Ein Journalist wollte Einsicht in die Grundbücher einer Fliegerhorstsiedlung nehmen und begründete dies damit, dass er sich mit den Themen Wirtschaftskriminalität, unterdrückte Pressefreiheit, Politverflechtungen, Justizdefizite und Mängel im Gutachterwesen auseinandersetzen würde. Seiner Aussage nach befasse er sich mit „Belangen von öffentlichem Interesse aufgrund Gesundheits- und Umweltgefahren im Zusammenhang mit ehemaligen militärischen Liegenschaften“ (OLG München, Beschl. v. 20.04.2016 – Az. 34 Wx 407/15).

Notwendigkeit von konkreten inhaltlichen Angaben

Der Richter hielt diese Ausführung für eine Einsichtnahme in die Grundbücher jedoch nicht für ausreichend und versagte dem Journalisten die Einsichtnahme. Demnach sei eine nähere Begründung erforderlich, warum gerade genau dieses spezielle Objekt überprüft werden soll. Eine bloß schlagwortartige Auflistung von allgemeinen Gründen, wie im vorliegenden Fall, sei nicht genügend. Vielmehr seien auch konkrete inhaltliche Angaben notwendig, um eine Genehmigung zu erhalten.

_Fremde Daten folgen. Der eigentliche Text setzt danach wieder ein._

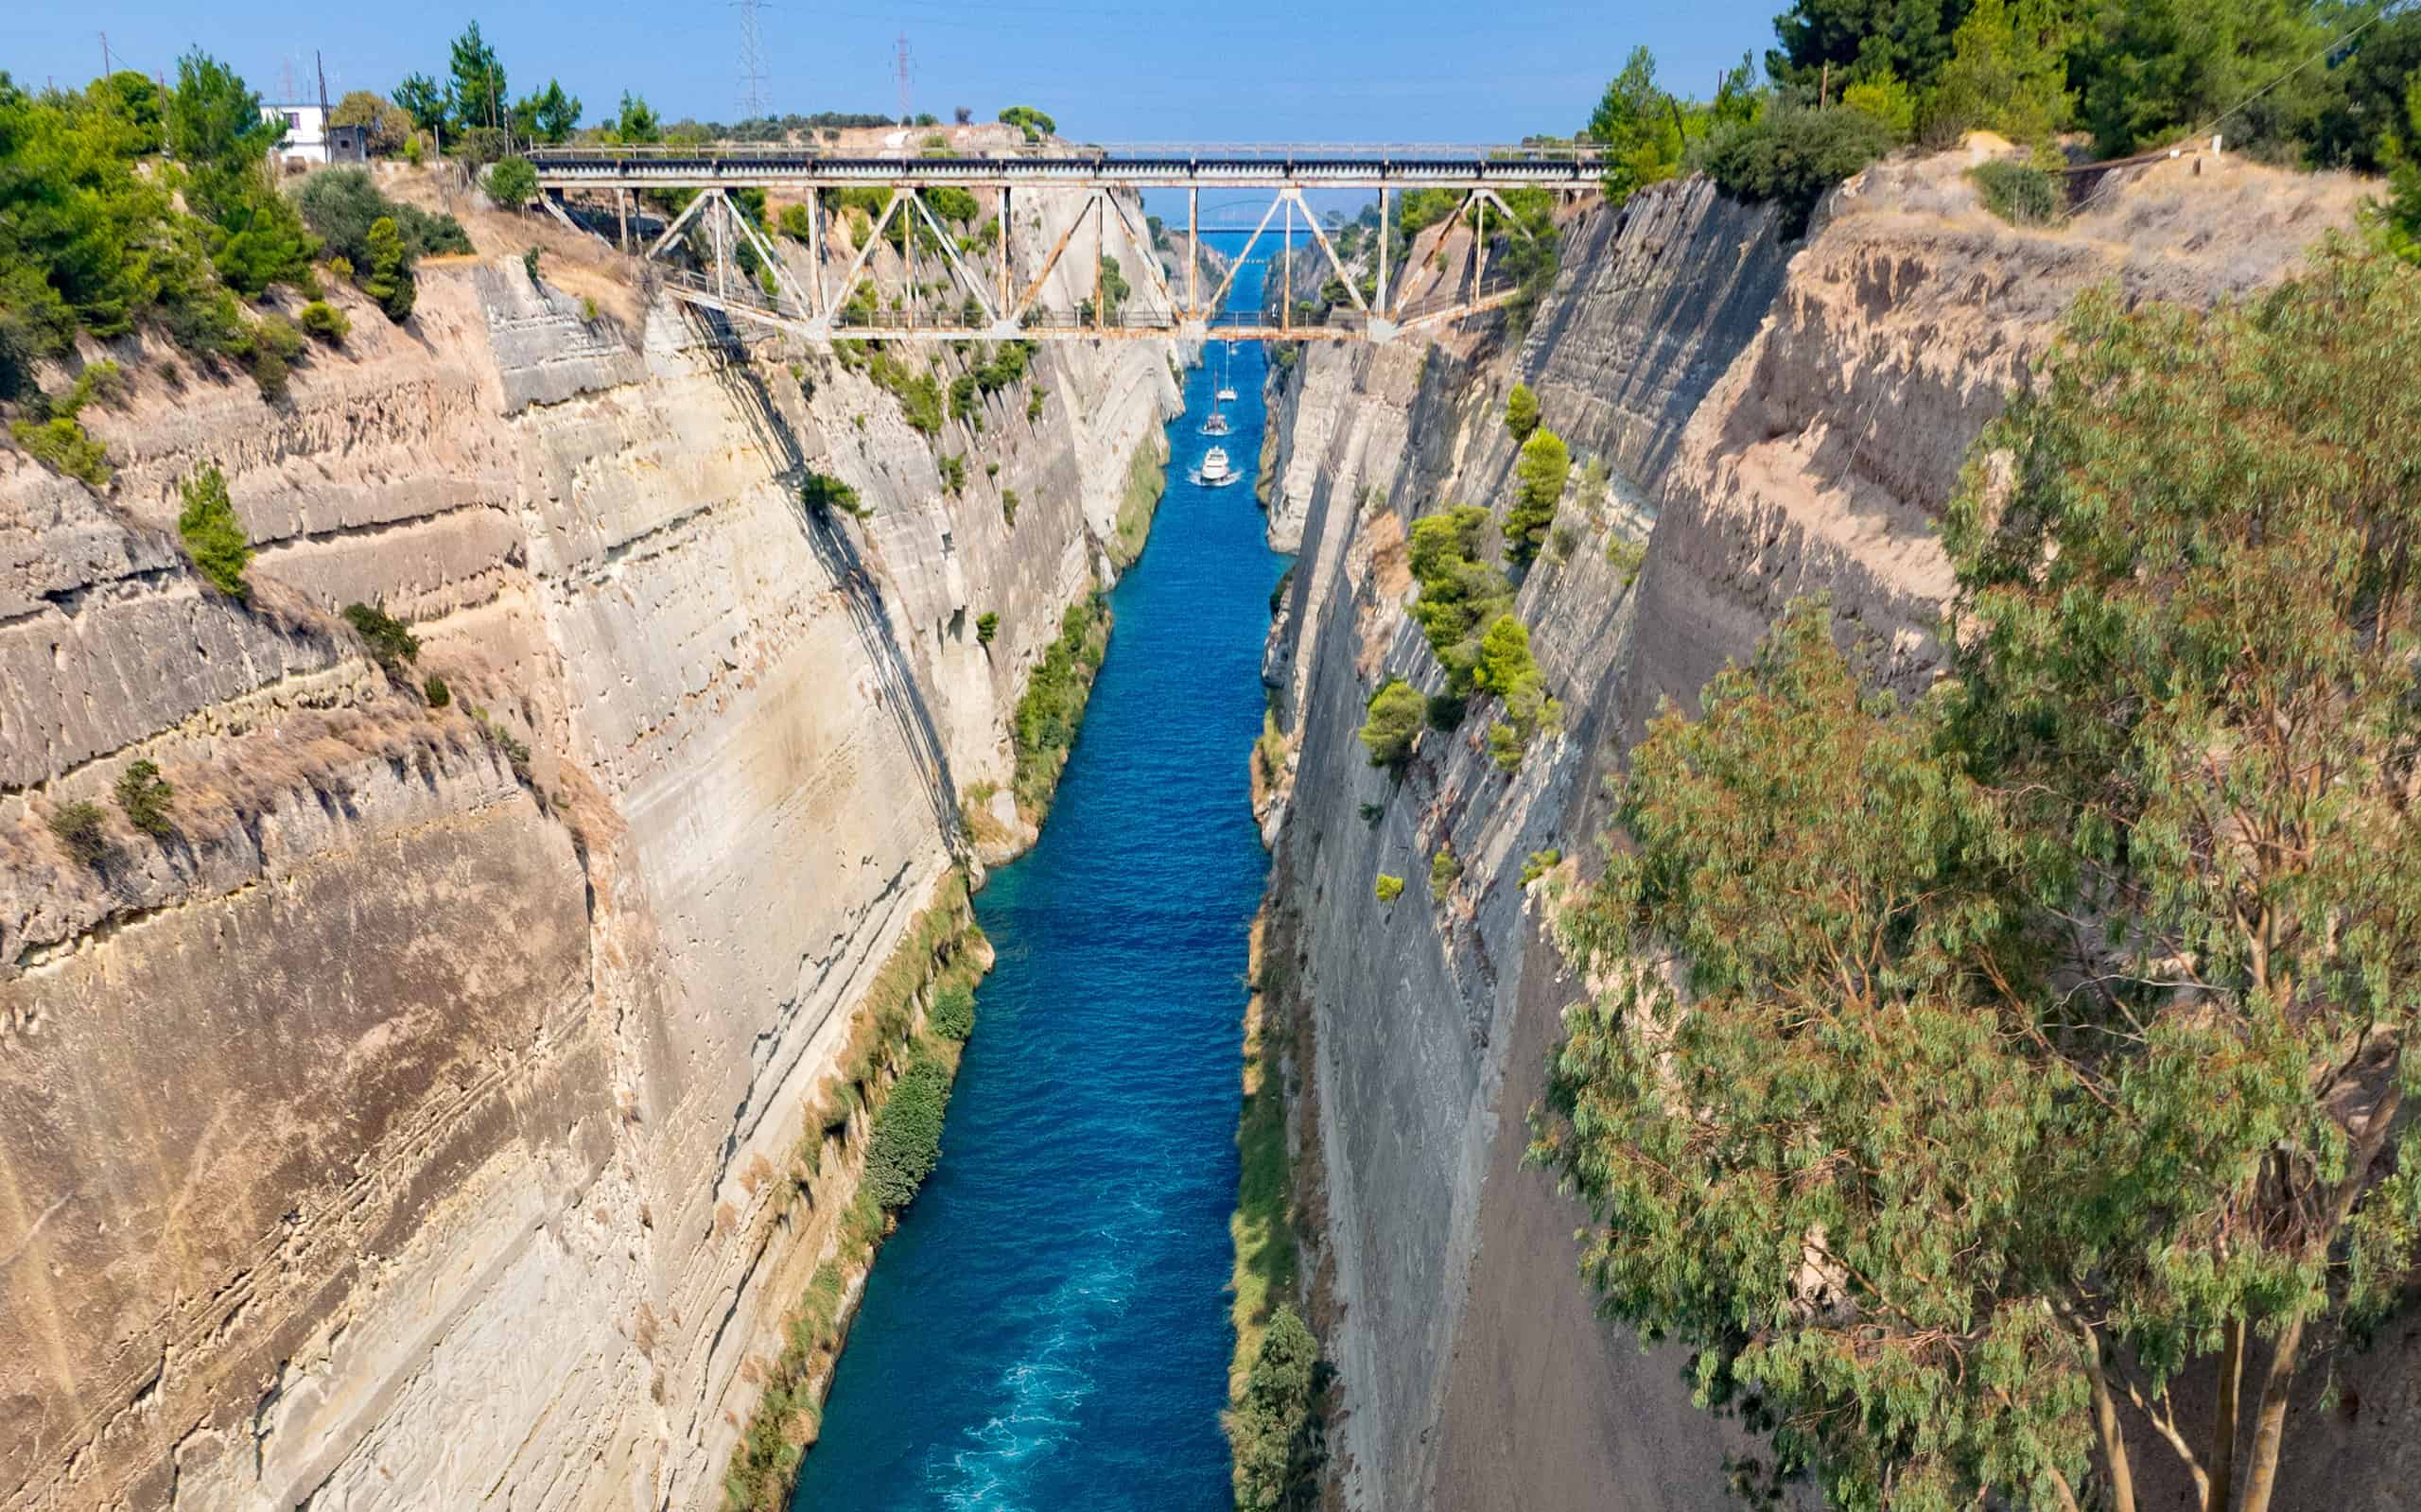 View from the bridge to the boats and View from the bridge to the boats and yachts passing through the Corinth Canal from a sunny day on Peloponnese in Greece

Auf diese Voraussetzungen habe es auch keinen Einfluss, welche Person Eigentümer des besagten Grundstücks sei.  Alleine die Tatsache, dass sich ein Grundstück im Eigentum einer bundesunmittelbaren Anstalt befinde, begründe noch keine journalistische Ermittlungstätigkeit.

In einem anderen Fall, welcher sich mit Daten eines konkreten Grundstücks befasste, wurde die Einsichtnahme in das Grundbuch jedoch gestattet (OLG München, Beschl. v. 20.04.2016 – Az. 34 Wx 127/16). Der Journalist führte an, dass er Informationen über angebliche finanzielle Schwierigkeiten des Eigentümers habe und er deshalb eine Übersicht über die Belastungen und Eigentumsverhältnisse des Grundstücks benötige.

Allein dies reicht grundsätzlich natürlich nicht aus, um eine Einsichtnahme in das Grundbuch zu erhalten. Jedoch legte der Antragssteller glaubhaft dar, dass die Informationen auch für die Allgemeinheit relevant seien, so dass dem Begehren zu entsprechen gewesen sei. (MaSR)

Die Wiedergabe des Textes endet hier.